[Task statement]
Using the listing below, please print exactly the lines from the one with "упражнение №226 русский" through the one with "Liszt, Franz, 22.10.1811". Leave out every picture.

[Data to examine]
......

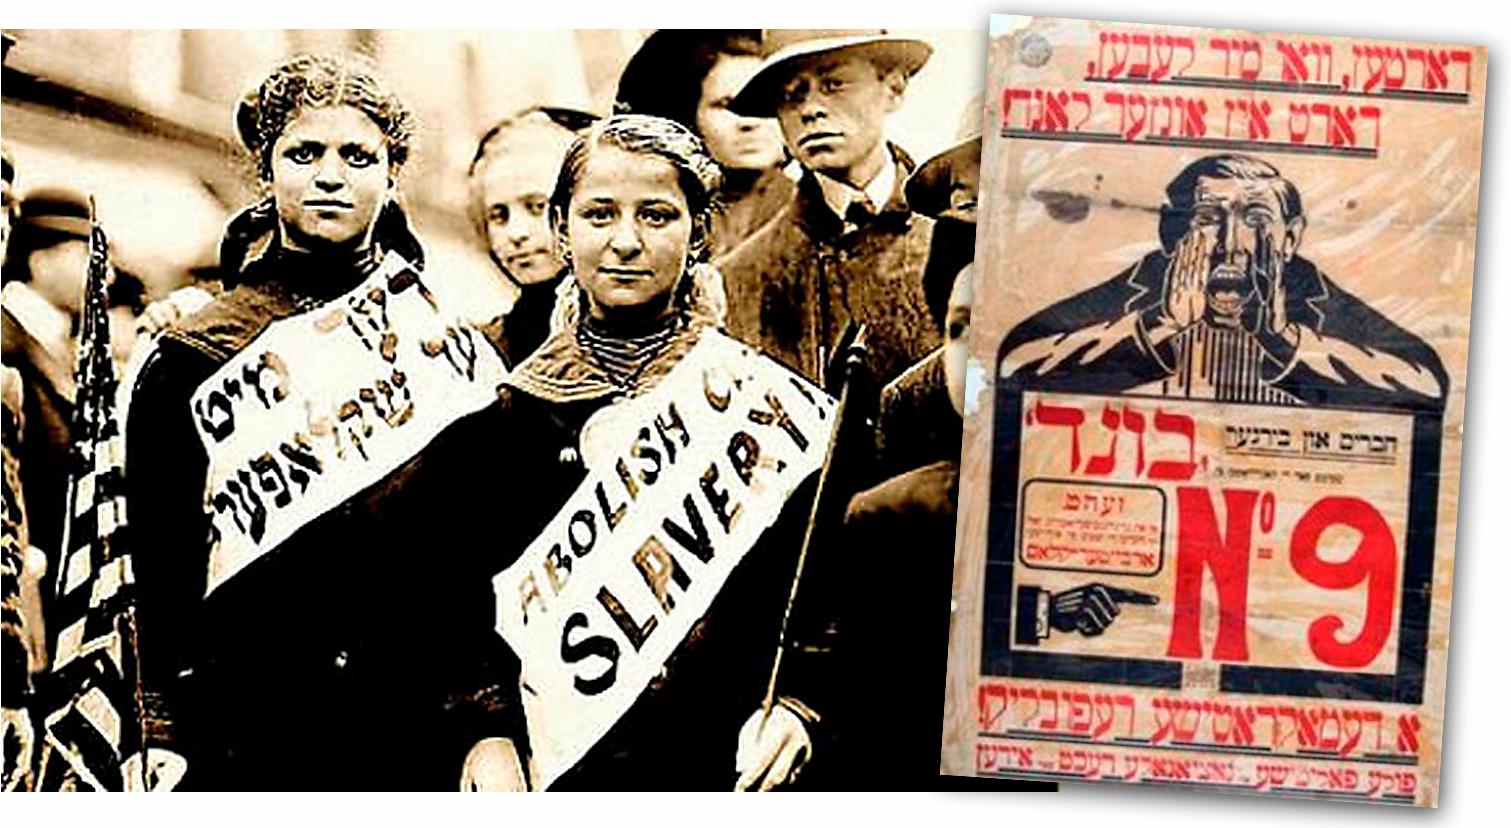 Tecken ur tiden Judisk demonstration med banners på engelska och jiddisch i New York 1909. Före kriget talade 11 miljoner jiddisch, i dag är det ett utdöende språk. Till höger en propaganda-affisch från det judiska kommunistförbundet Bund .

......

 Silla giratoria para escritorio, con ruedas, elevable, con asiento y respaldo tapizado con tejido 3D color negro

......

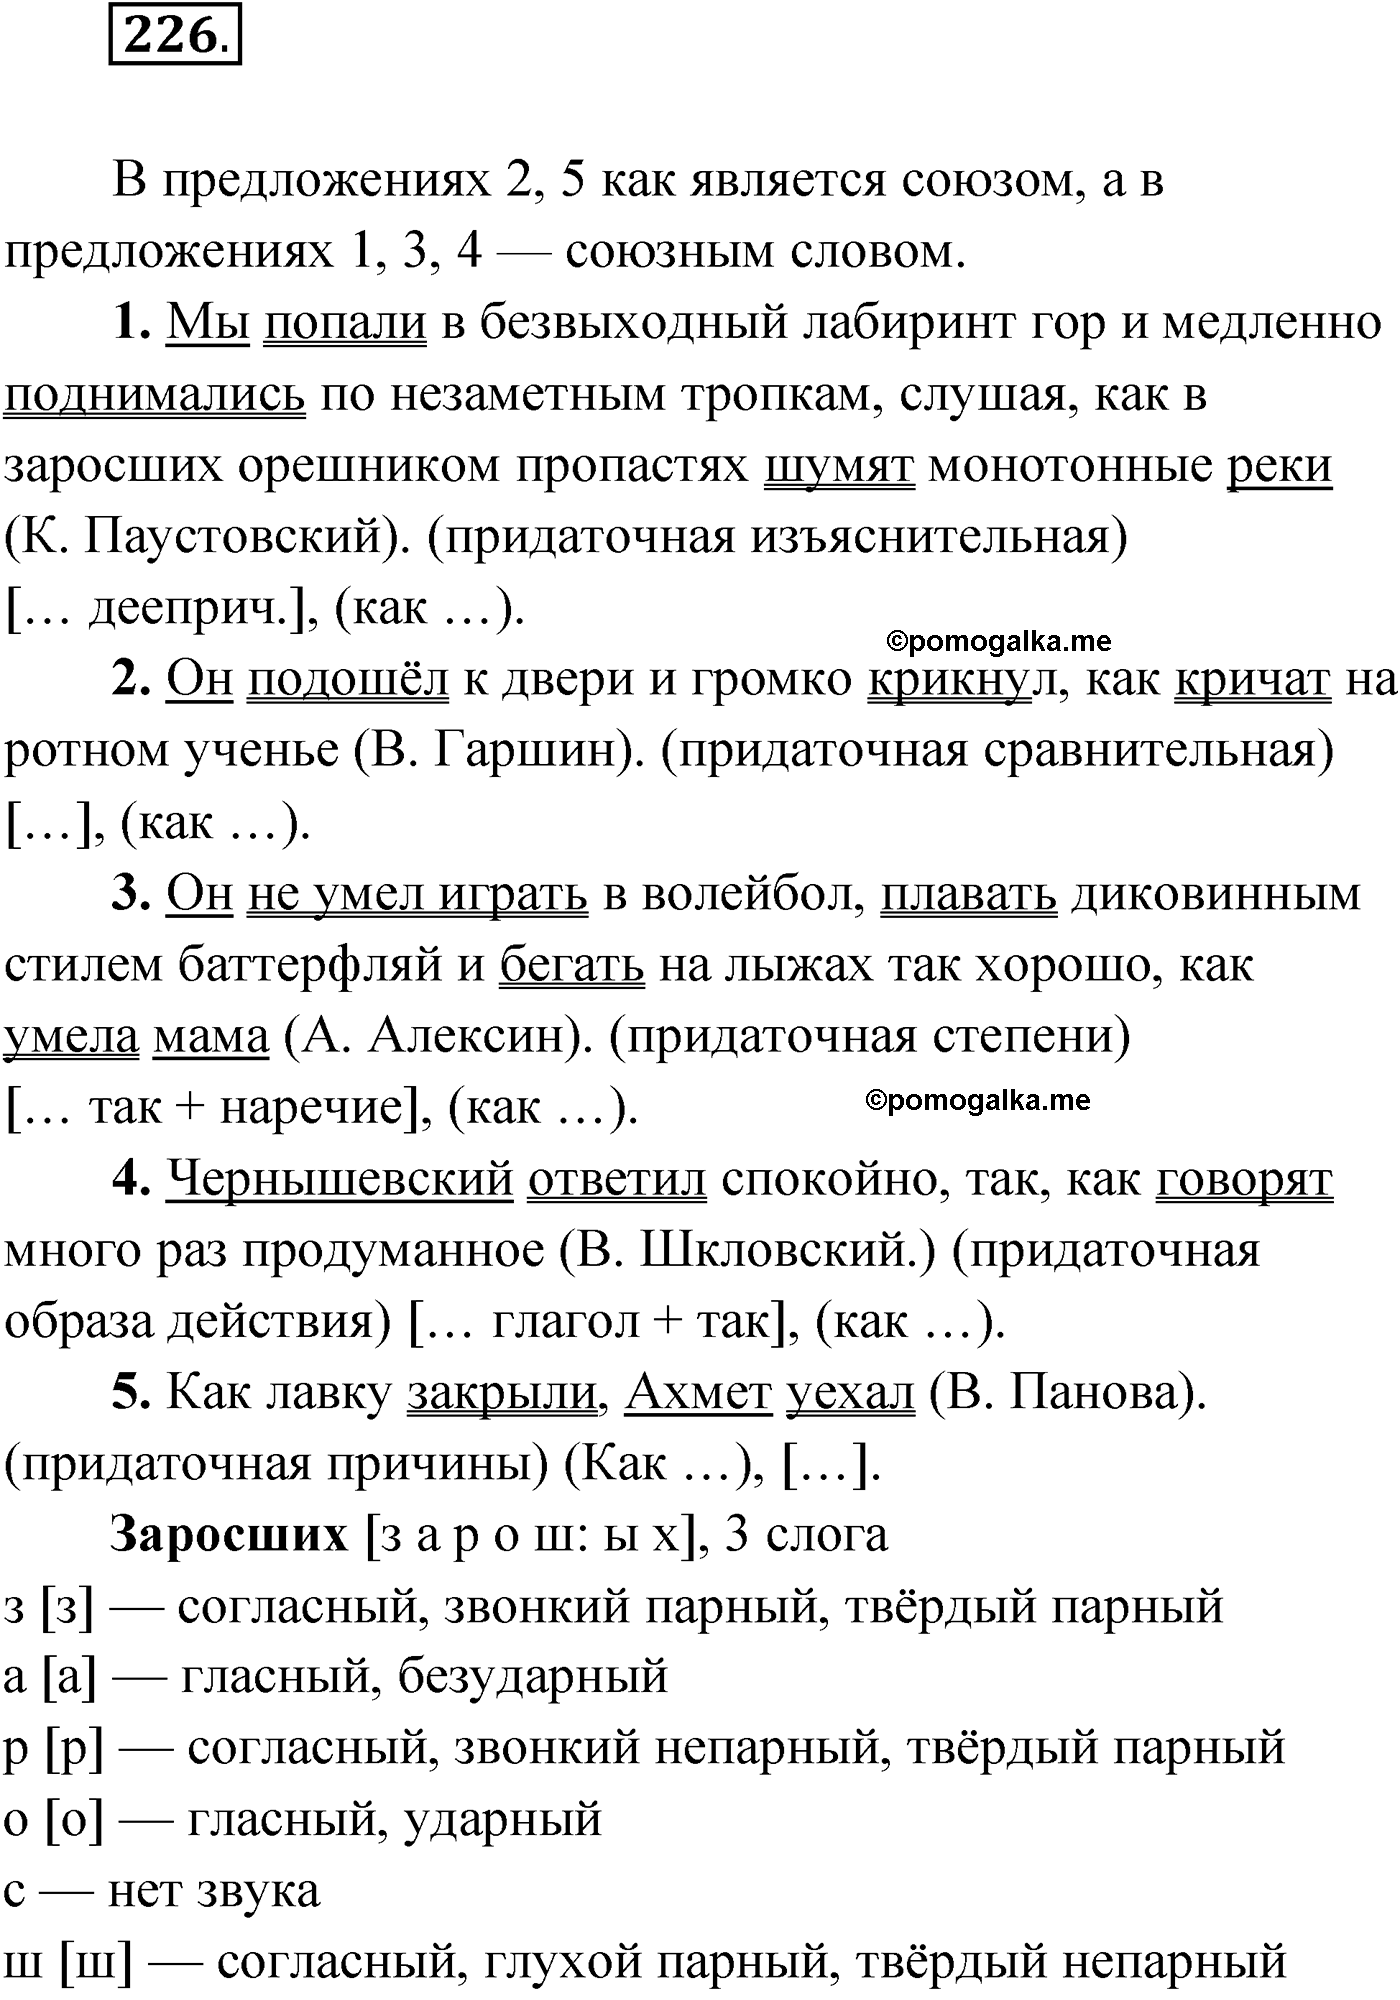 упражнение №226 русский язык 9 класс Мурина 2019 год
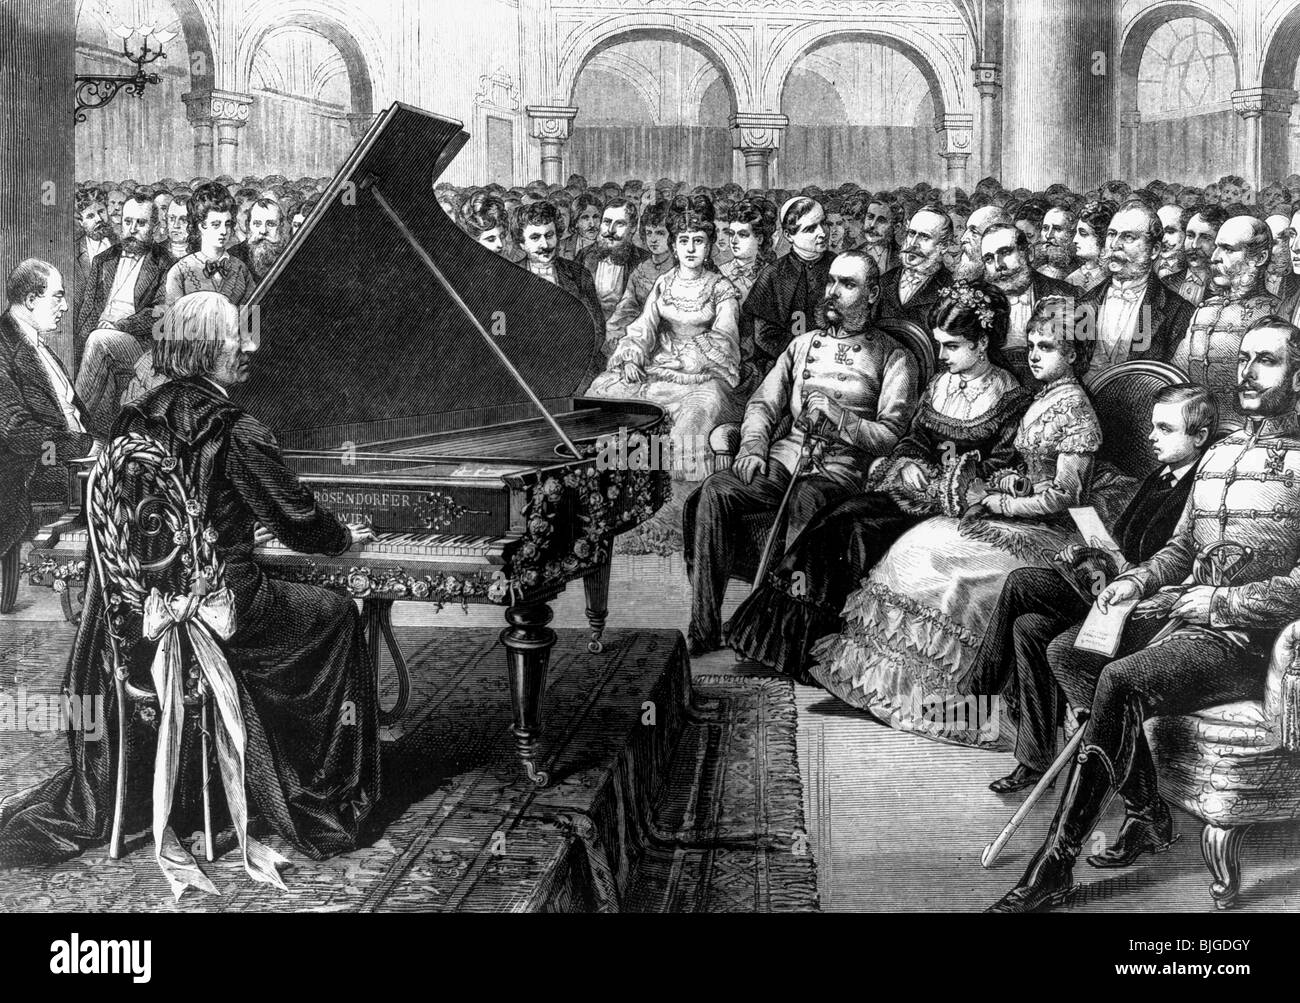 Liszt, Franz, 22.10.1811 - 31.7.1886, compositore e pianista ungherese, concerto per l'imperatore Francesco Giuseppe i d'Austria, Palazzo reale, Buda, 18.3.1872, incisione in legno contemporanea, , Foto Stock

......

[Reply to the task]
 упражнение №226 русский язык 9 класс Мурина 2019 год
 Liszt, Franz, 22.10.1811 - 31.7.1886, compositore e pianista ungherese, concerto per l'imperatore Francesco Giuseppe i d'Austria, Palazzo reale, Buda, 18.3.1872, incisione in legno contemporanea, , Foto Stock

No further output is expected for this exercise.